Scoring of these elementary responses are used to quantify the level of activity triggered by a
chemical stimulus. Further refinement of the method resulted from tracking walking or flying
insects with a video camera, or recording locomotory paths with a servosphere (Kramer, 1975) or other locomotion compensators, combined with the automatic
analysis of tracks by computer-assisted trajectometry. All these methods require a sophisticated
and expensive equipment and/or demand a large number of insects to achieve quantification of
behaviour.
In the course of our studies on the effects of pheromone analogues on olfaction (Parrilla and Guerrero, 1994; Renou et al., 1997) we
needed a simpler device to screen candidates for inhibition of pheromone communication in
insects. The Doppler radar has already been successfully employed in the monitoring of
spontaneous activity rhythms of flies and cockroaches (Buchan and Satelle, 1979; Buchan and Moreton, 1981). Thus, we designed a simple
recorder using a cheap movement detector, also based on Doppler radar. In this paper we
describe the system and its use to record moth responses to a chemical stimulus. The movements
of the insect are converted in an analogue electrical signal by the radar detector with a high signal
to noise ratio. This signal is connected to a computer via an analogue/ digital card and analysed
with dedicated software.

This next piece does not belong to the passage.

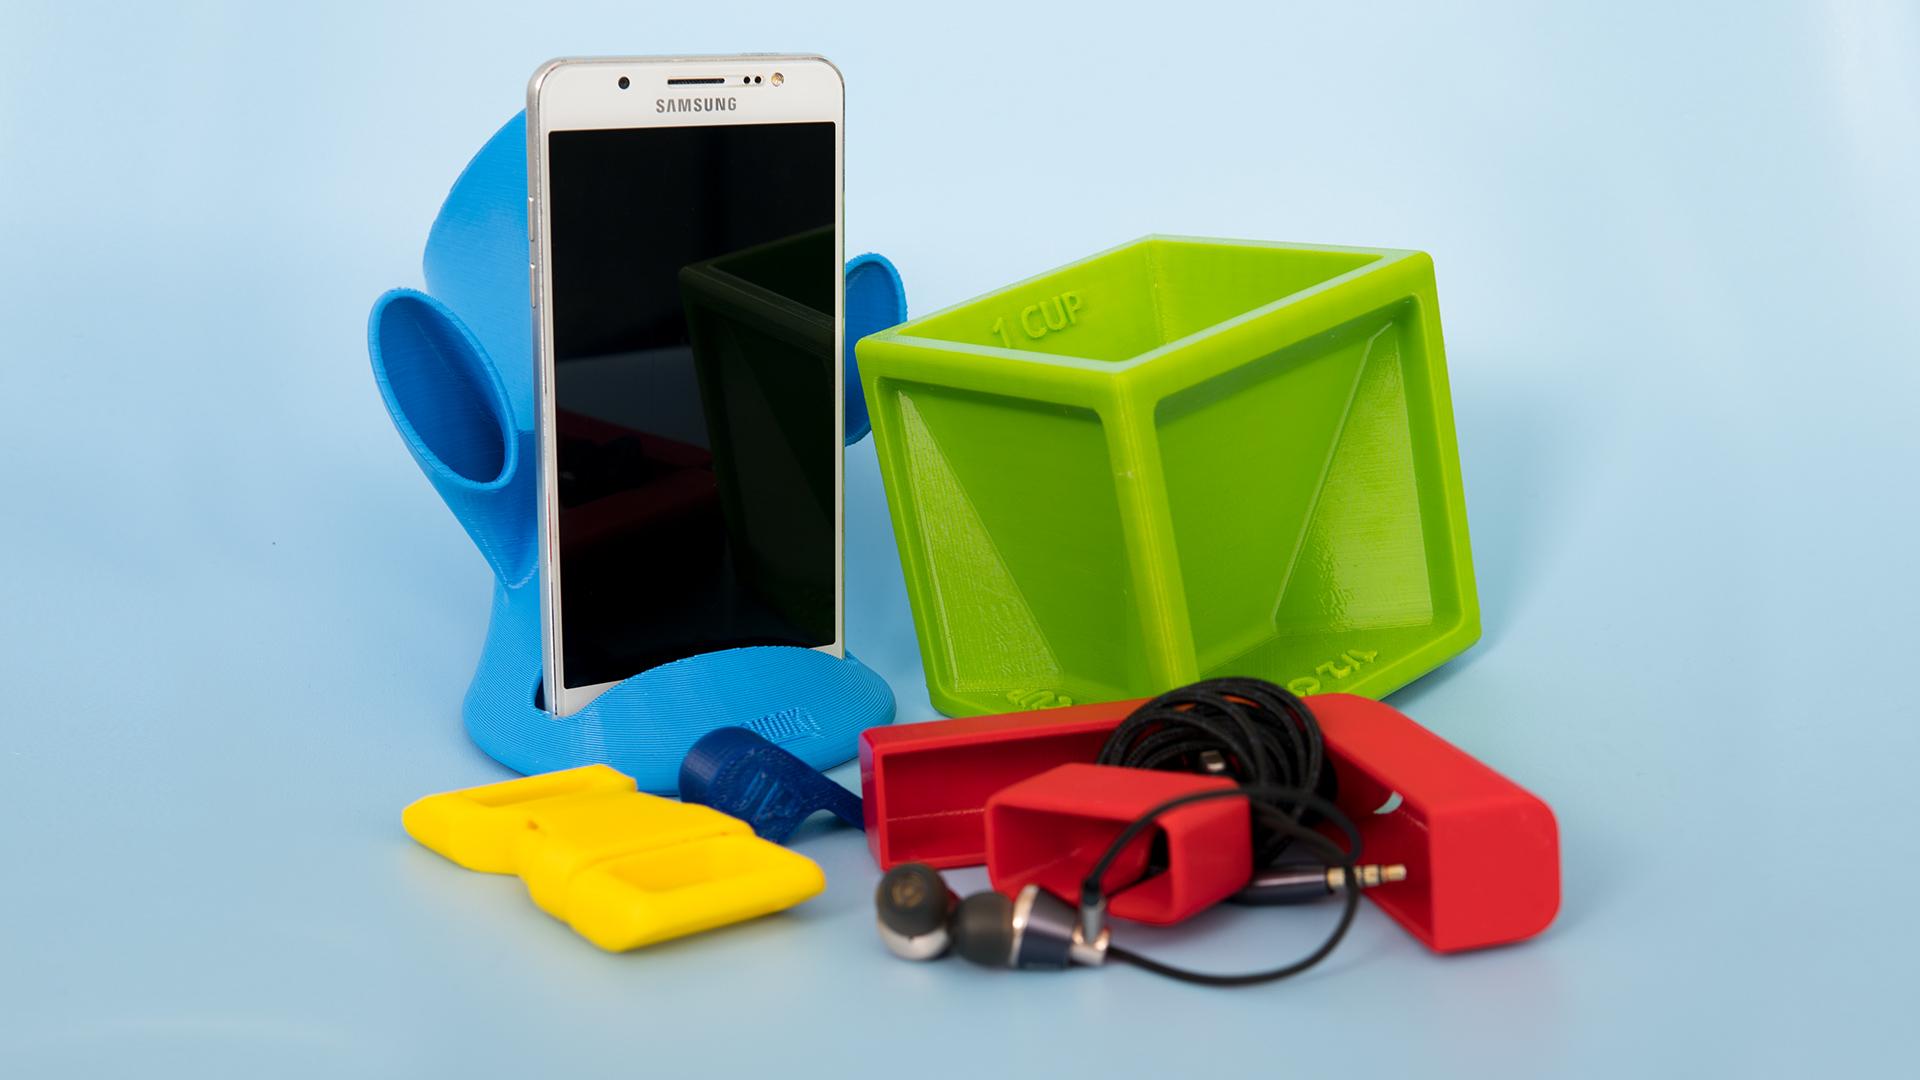 50 Coole 3D-Drucker-Vorlagen/3D-Druck-Ideen 2021 | All3DP

The radar detector has been used to measure the responses of male Mamestra brassicae to the main component of the sex pheromone, (Z)-11-hexadecenyl acetate (Z11-16:Ac) (Descoins et al.,
1978)
either in pure air or in air containing the esterase inhibitor 3-octylthio-1,1,1-trifluoropropan-2one
(OTFP). In vitro, OTFP is a very potent inhibitor of the antennal esterases of the
Egyptian armyworm, Spodoptera littoralis (Duran et al., 1993), enzymes responsible for the catabolism of the pheromone (Quero, 1996). In vivo, OTFP has been
shown to alter pheromone detection (Renou et al., 1997; Pophof, 1998) and to inhibit
behaviour in the wind tunnel after conditioning males to a OTFP-saturated atmosphere. In the
present study we show that an aerial background of OTFP during the test also affects the
response to the pheromone. The effects of OTFP on the response kinetics are commented.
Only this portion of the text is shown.